A friend of mine started using garden netting just laid on the ground in a long pile around her pens. Snakes would get caught in it and were stopped before getting her. Her issue was rattle snakes, not just chicken or black snakes. That won't work if the birds free range though because they would get caught in it.


----------



## hildar (Oct 3, 2013)

Yeah in the old days they would use moth balls, but I have heard that moth balls are not what we should be using around chickens. However with me I place it around the outside of the fence rather then the inside. However the snakes around here still get in by coming through neighbors trees.


----------



## nj2wv (Aug 27, 2013)

I remember seeing somewhere that if you put golf balls in the nest that a snake may think it's an egg and eat it.

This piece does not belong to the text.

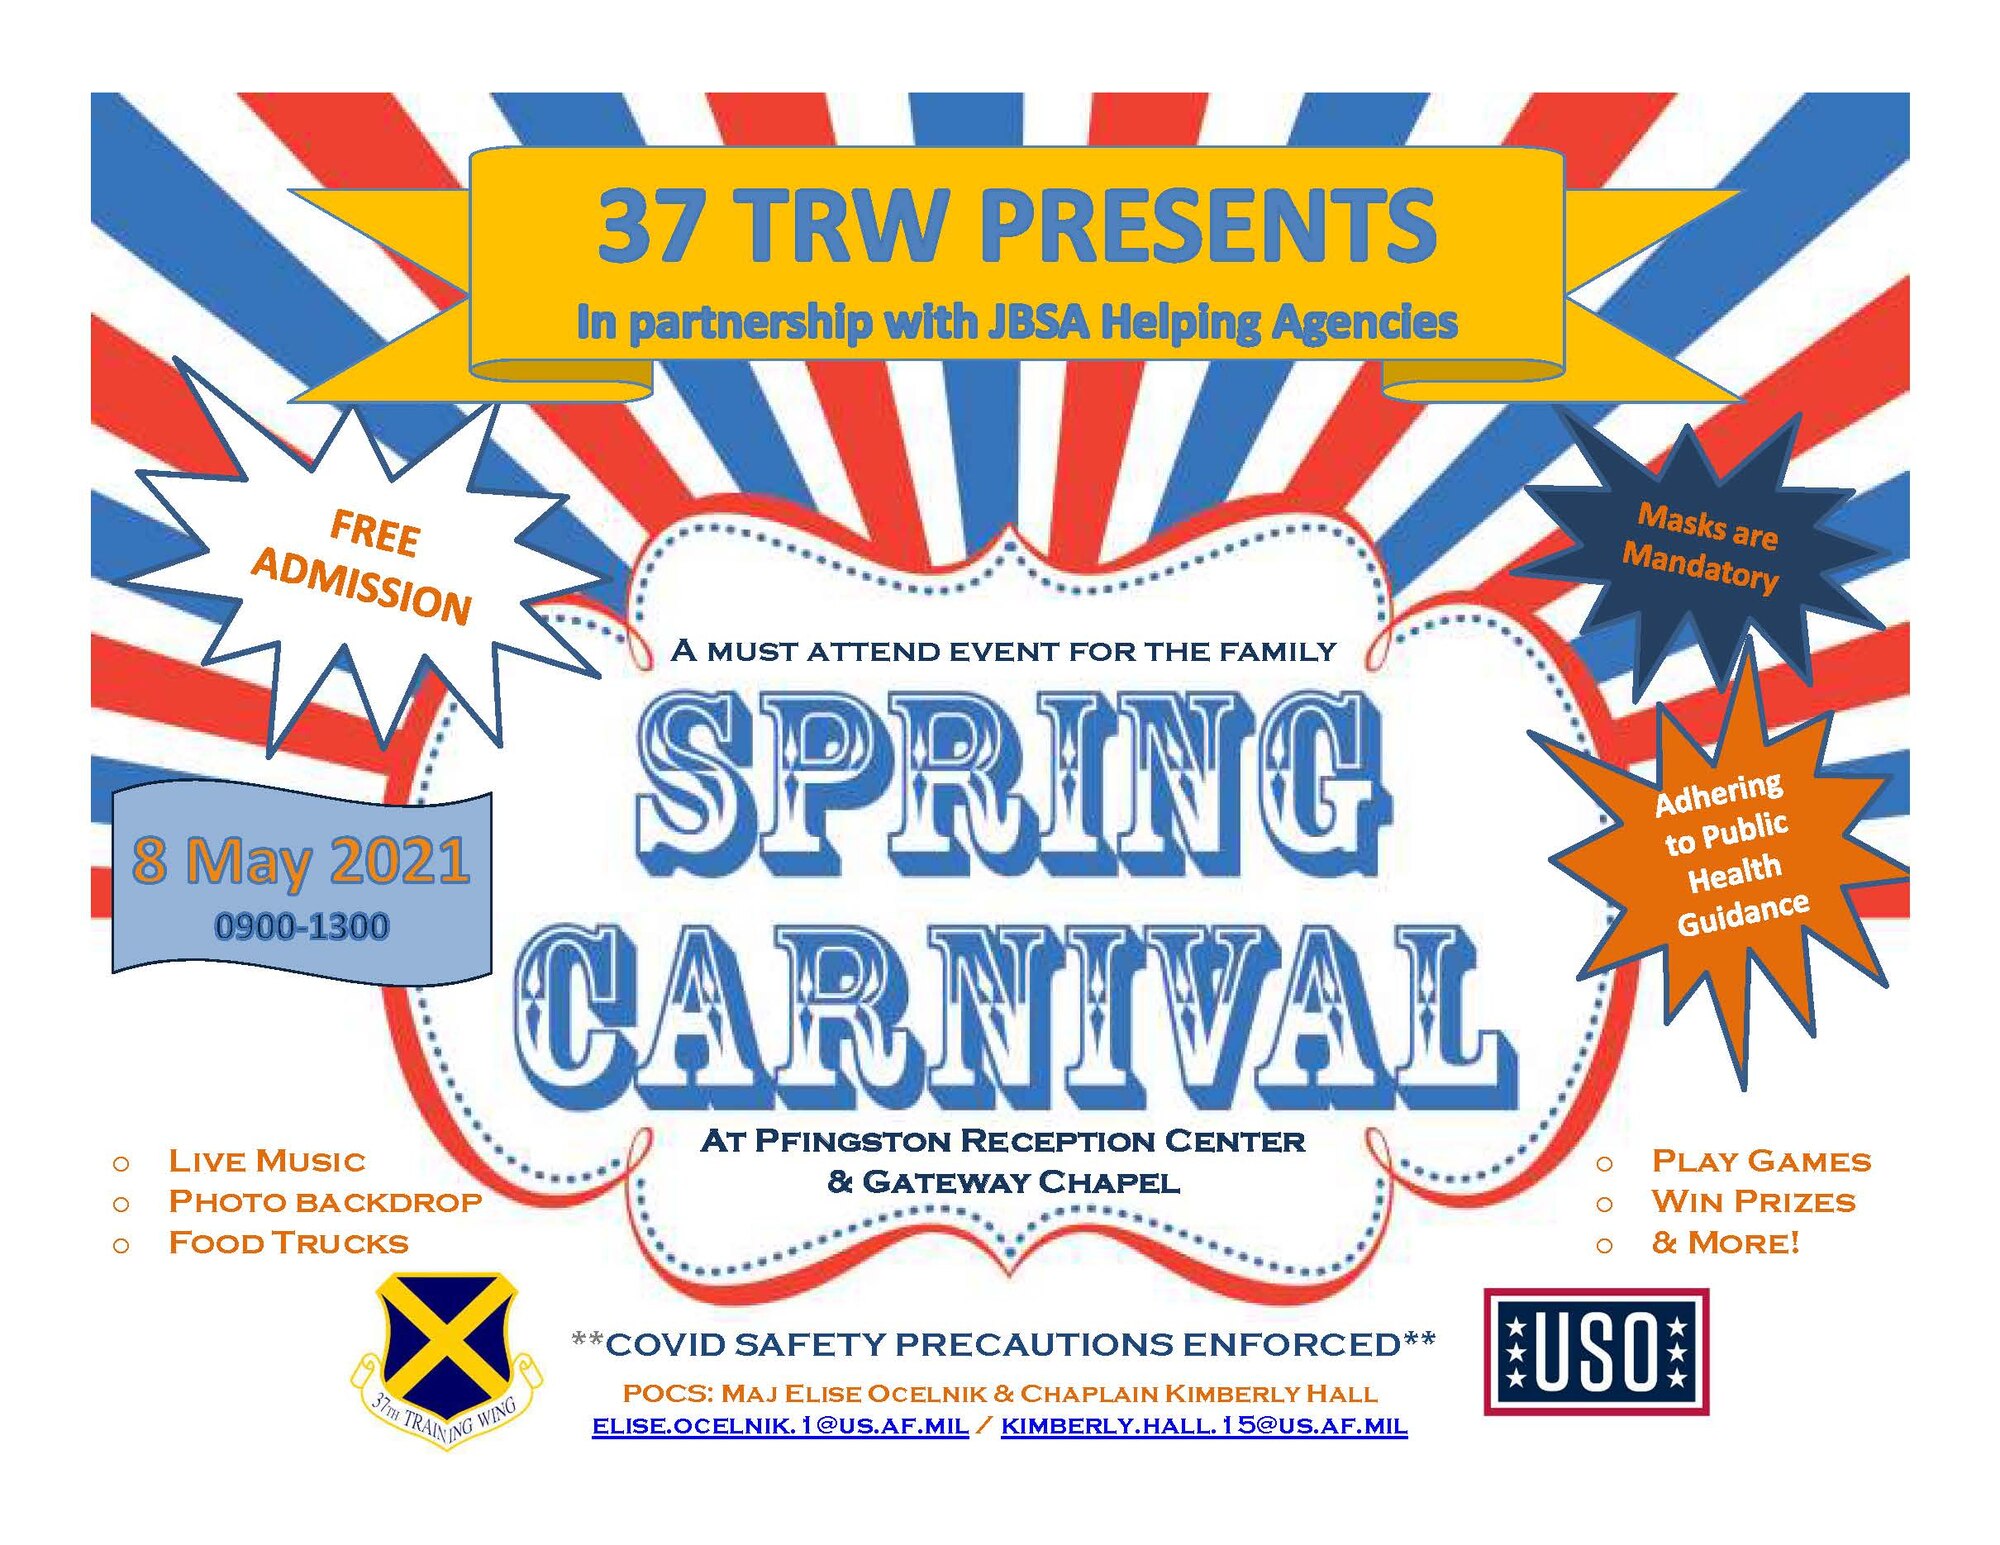 The 37th Training Wing, in conjunction with JBSA Helping Agencies, is presenting the 2021 Spring Carnival May 8, 2021, from 9 a.m. to 1 p.m. at the Pfingston Reception Center and Gateway Chapel, Joint Base San Antonio-Lackland, Texas. The event was rescheduled from its original date of May 1. (U.S. Air Force graphic)

Since it can't digest a golf ball then it will die. I don't know if it works. I use golf balls so the chickens know where to lay.


----------



## back2simplelife (Jul 6, 2013)

What kind of snake was it? A golf ball does work but the damage can already be done to your flock. Most of the time, even if they eat an egg.. they stay in the coop for quite awhile. Really, doing what we call "snake checks" (searching our 5 acres for them 2x a day) And even then.. they can still sneak in. Hardware cloth is the only thing that can truly keep them from your coop.. and that is only if your run is made from it as well. Keeping their other food sources down can help, cats are said to help.. think it's the whole mouse thing although I have seen them kill them! However, we have about 50 cats in our area and we still get them. keeping your surrounding grass and weeds down. Make sure there are no boards, leaves, or any other places for them to hide. If you have rat aka chicken snakes, they can climb at least a 2 story building so make sure there is hardware cloth on top windows and vents in your coop. We try our best to "manage" the snakes during daylight hours. I do a complete check of the coop before locking them up at night. My coop is critter proof.. unless hubby goes out to check the chicks for their first night outside, opens the door and one crawls in.. we got lucky and he saw it and didn't get bit! Oh and go everywhere with at least a shovel or gun so you aren't stuck yelling for help, afraid to leave it or it would be lost in the coop! Yep, rough one last night for sure!
In all honesty, we had more copperheads yesterday than we did in 6 months combined! I honestly think they are like scorpions and came out with the moon. (fingers crossed anyway!) I hope they go back where they came from for both of our sake! Good luck!


----------



## colbybednar (Jul 26, 2014)

If u go to your local fedd store they should have glass eggs. The snake will eat the egg and it will bust inside it and the glass will kill it


----------



## pearnist (Apr 7, 2014)

I use golf balls as well but the snake I guess got lucky and picked an actual egg. I also use easter eggs.


----------